Mobile dating websites are gaining popularity. According to The San Francisco Chronicle in 2005, "Mobile dating is the next big leap in online socializing." [2] Some experts believe that the rise in mobile dating is due to the growing popularity of online dating. Analyst Brent Iadarola of Frost & Sullivan said, "I think people are more comfortable with online dating, and it's generally been accepted, the comfort people have with online dating in the wired world is now translating to the mobile world." [3] Others believe it is all about choice, as Joe Brennan Jr., vice president of Webdate [4] says, "It's about giving people a choice. They don't have to date on their computer. They can date on their handset, it's all about letting people decide what path is best for them." [5]

Of late, it is common to see online dating websites providing webcam chats between members to make dating even more convenient than ever. In addition, as the online dating population becomes larger, sites with specific demographics are becoming more popular as a way to narrow the pool of potential matches.

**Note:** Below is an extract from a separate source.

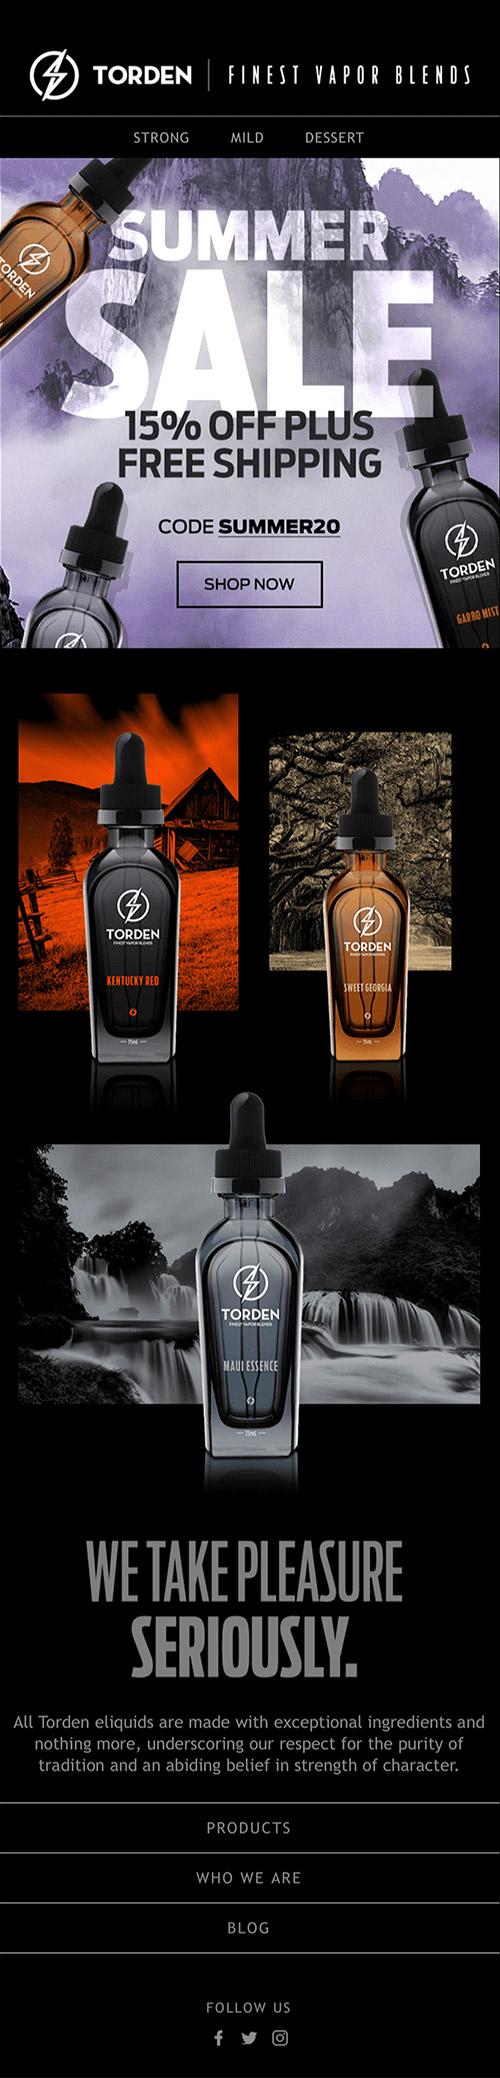 Klaviyo Agency Design of Vaping Promotional Email On A Black Background

Some sites cater to people with special interests (e.g. sports fans, nerds), professions, political preferences, ethnic groups, conditions (e.g. HIV+, obese), or religions.


Problems with Online Dating Services

There can be a variety of problems with using online dating sites. Some sites expect members to sign up "blind", eHarmony for example, with no preview of the type of profiles they will get to see. On other sites, some profiles are not actually real people, but "bait" put there by the site owners to attract new paying members. Both Yahoo Personals and Match.com have received several complaints of this tactic. Some users spam sites with "fake" profiles that are in reality advertisements to other services, such as prostitution or multi-level marketing. A majority of dating sites keep profiles online for months or even years since the last time the person has logged in, thereby making it seem as though they have more available members than they actually do. Many sites offer the option to sort search results based on activity, however.

Most members are enticed to join dating websites with free or low-priced "trial" memberships advertised on many other websites. These trial memberships lack many of the features of the full membership, including the ability to contact other members or reply to e-mail from other members. On sites which require credit card information to join at all, these trial memberships often automatically become full memberships at the end of the trial period and charge the full monthly fee, without any additional action from the member and regardless of whether the member has actually used the services or not. For paying members, it is often unclear whether a potential contact has a full subscription and whether he or she will be able to reply at all.

Even when members' profiles are "real", there is still an inherent lack of trust with other members. Many members misrepresent themselves by telling flattering 'white lies' about their height, weight and age, or using old or misleading photos. Members can, of course, ask for an up-to-date photograph before meeting others. Online predators find online dating sites especially attractive, because such sites give them an unending supply of new targets of opportunity for Internet fraud.

Matrimonials Sites are a variant of online dating sites, and these are geared towards meeting people for the purpose of getting married. Gross misrepresentation is less likely on these sites than on 'casual dating' sites. Casual dating sites are often geared more towards short term (and implicitly sexual) relationships.